WHAT IS EXPECTED -> Make an exact transcript of the lines in the data below, starting with the one containing "EinfachFon Seniorenhandy (Nokia" and going on through the one containing "Prince – Space", with both included and the pictures left out.

DATA EXTRACTS ->
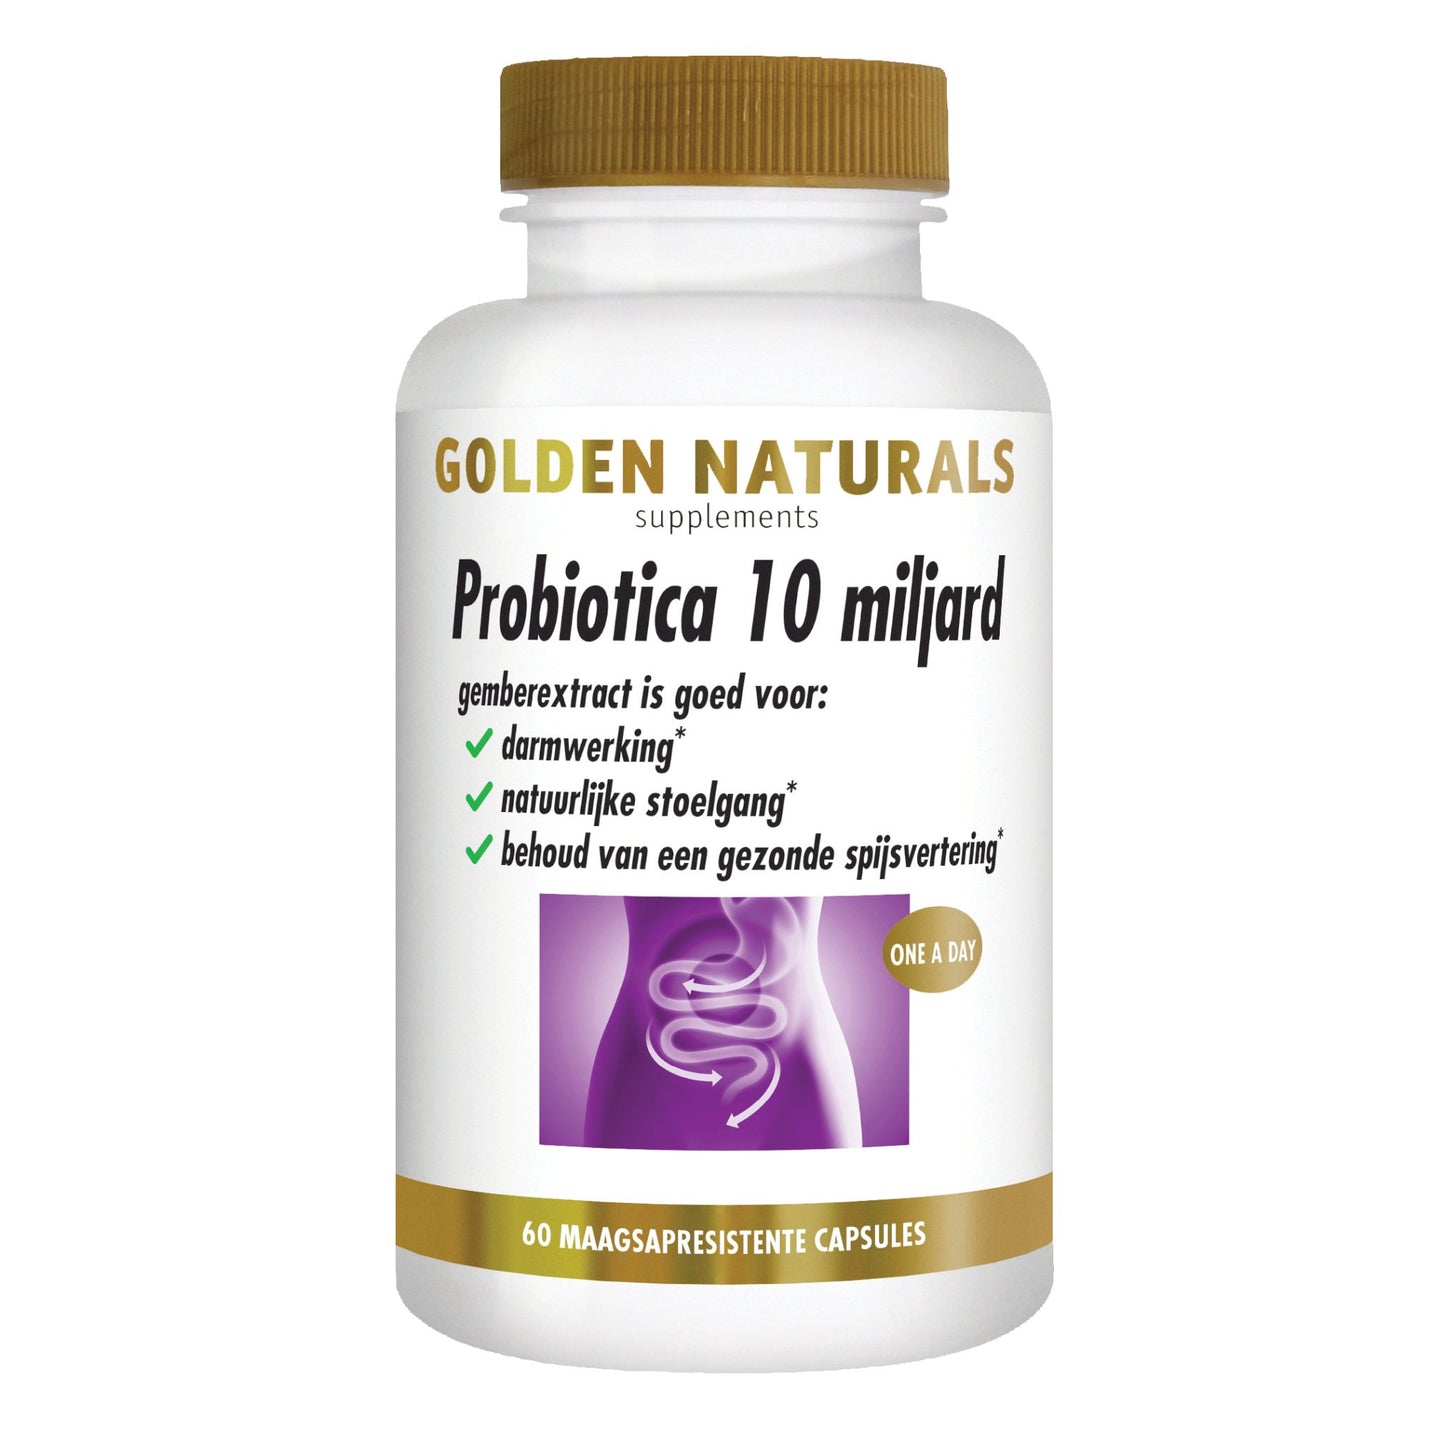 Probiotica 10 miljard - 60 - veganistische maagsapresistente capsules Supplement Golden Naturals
--
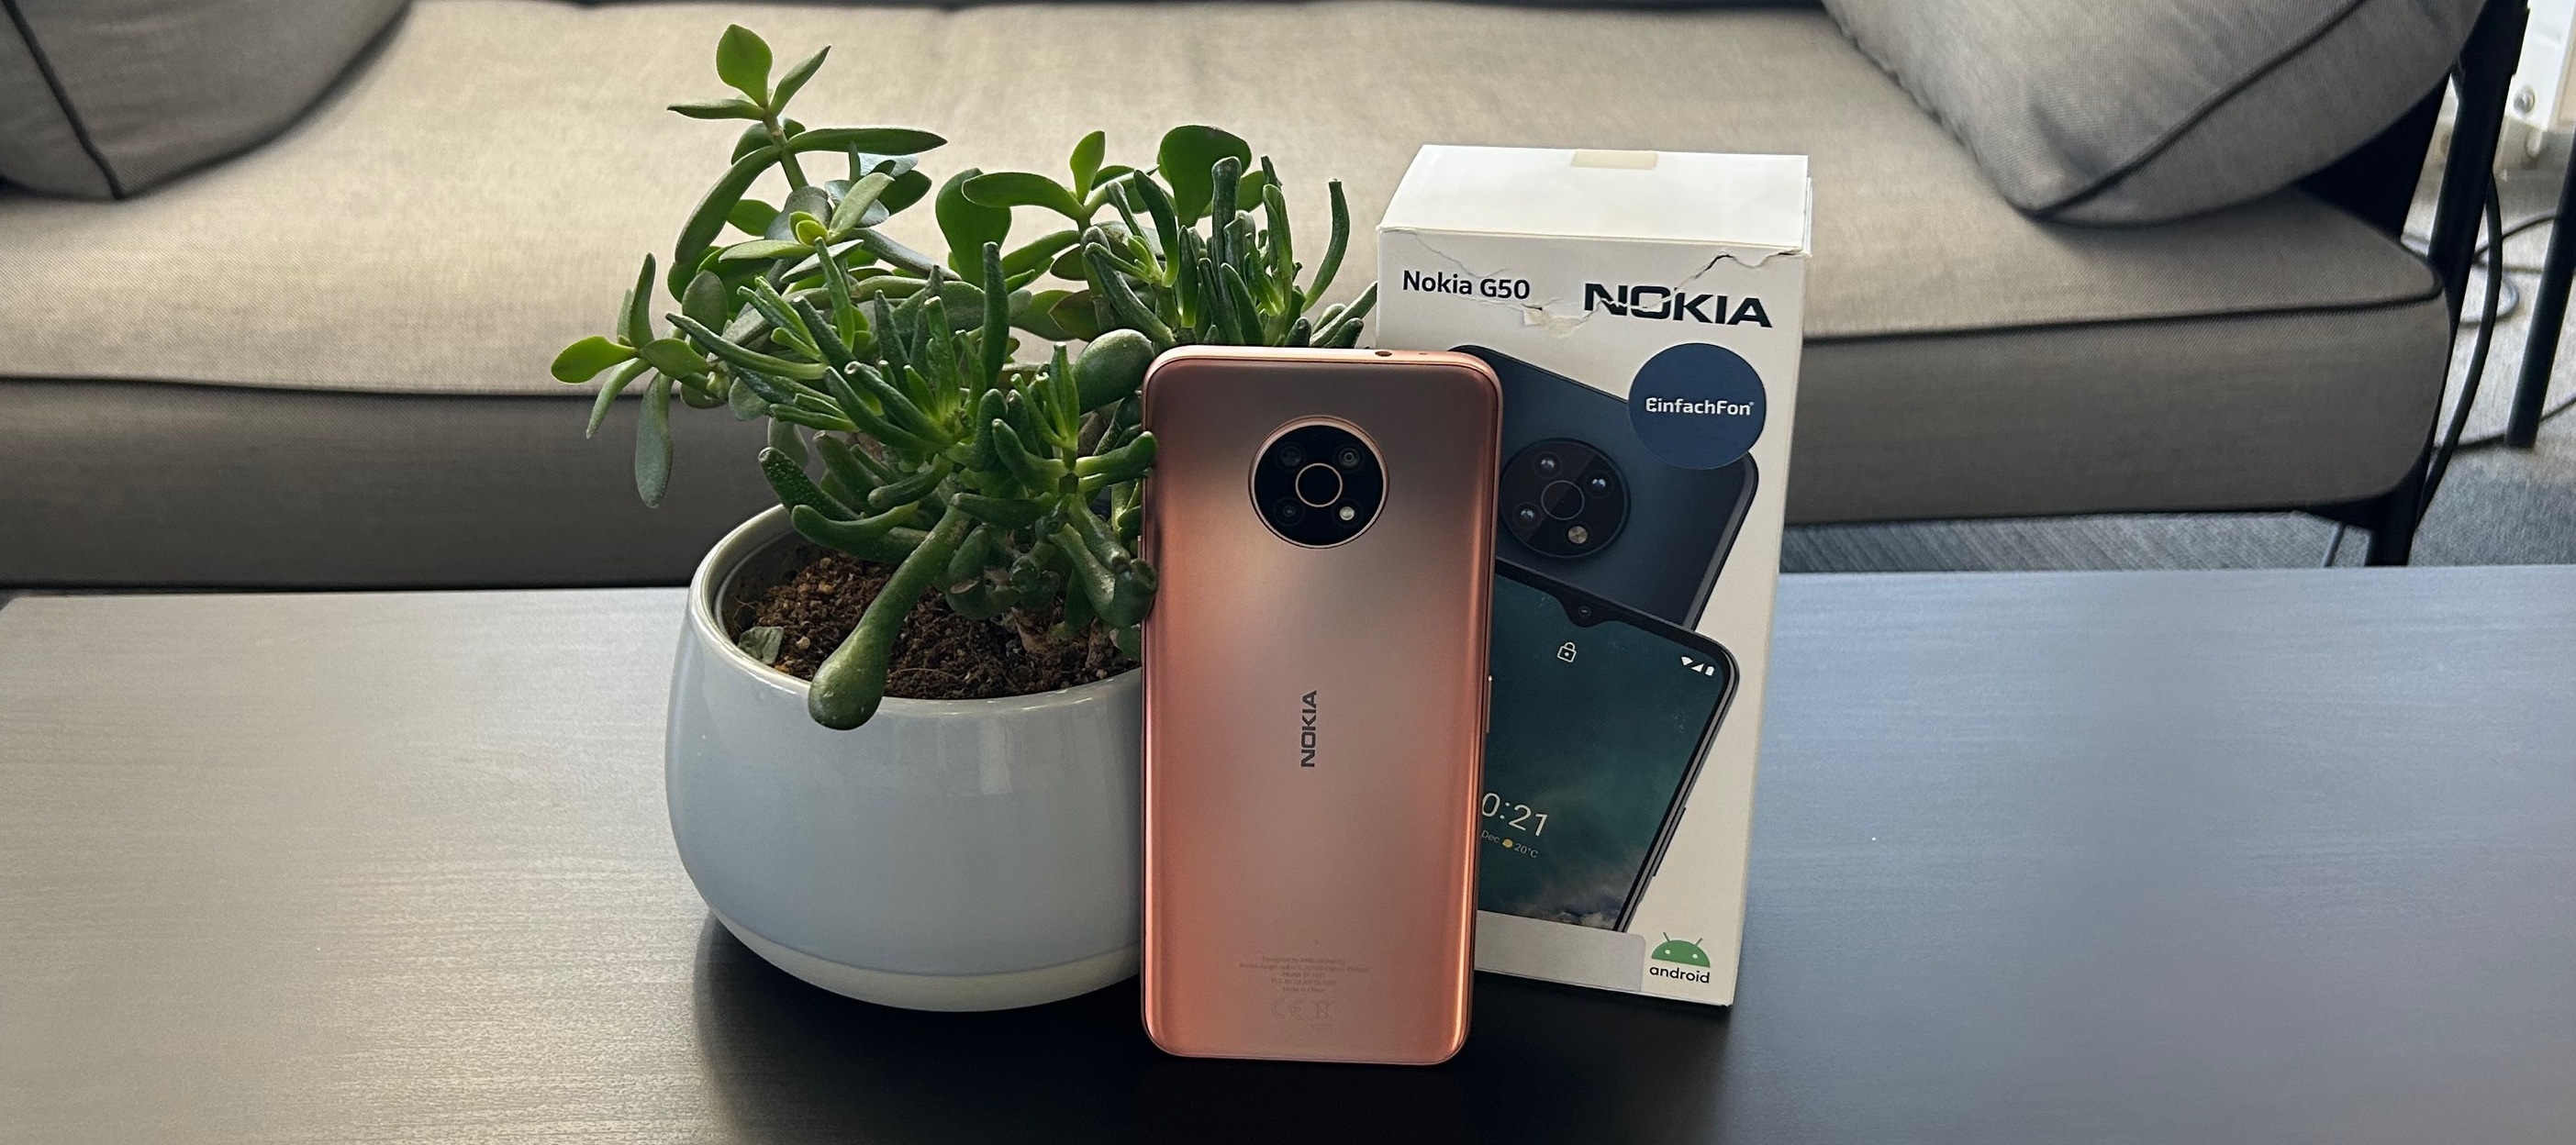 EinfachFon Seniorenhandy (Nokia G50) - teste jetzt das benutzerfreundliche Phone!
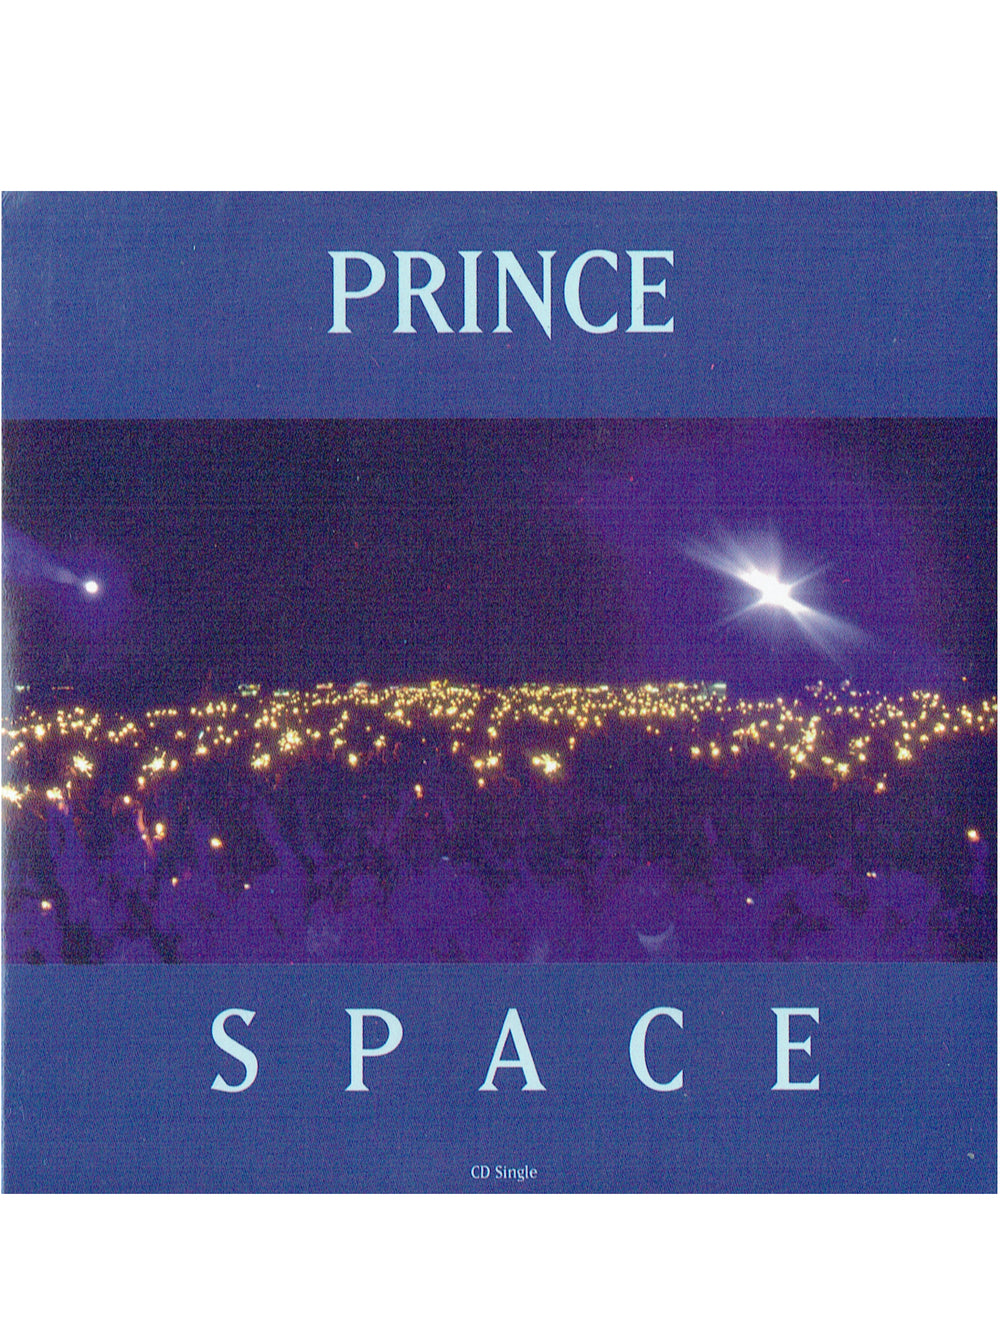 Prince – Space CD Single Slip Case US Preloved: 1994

THE COMPLETED TASK ->
 EinfachFon Seniorenhandy (Nokia G50) - teste jetzt das benutzerfreundliche Phone!
 Prince – Space CD Single Slip Case US Preloved: 1994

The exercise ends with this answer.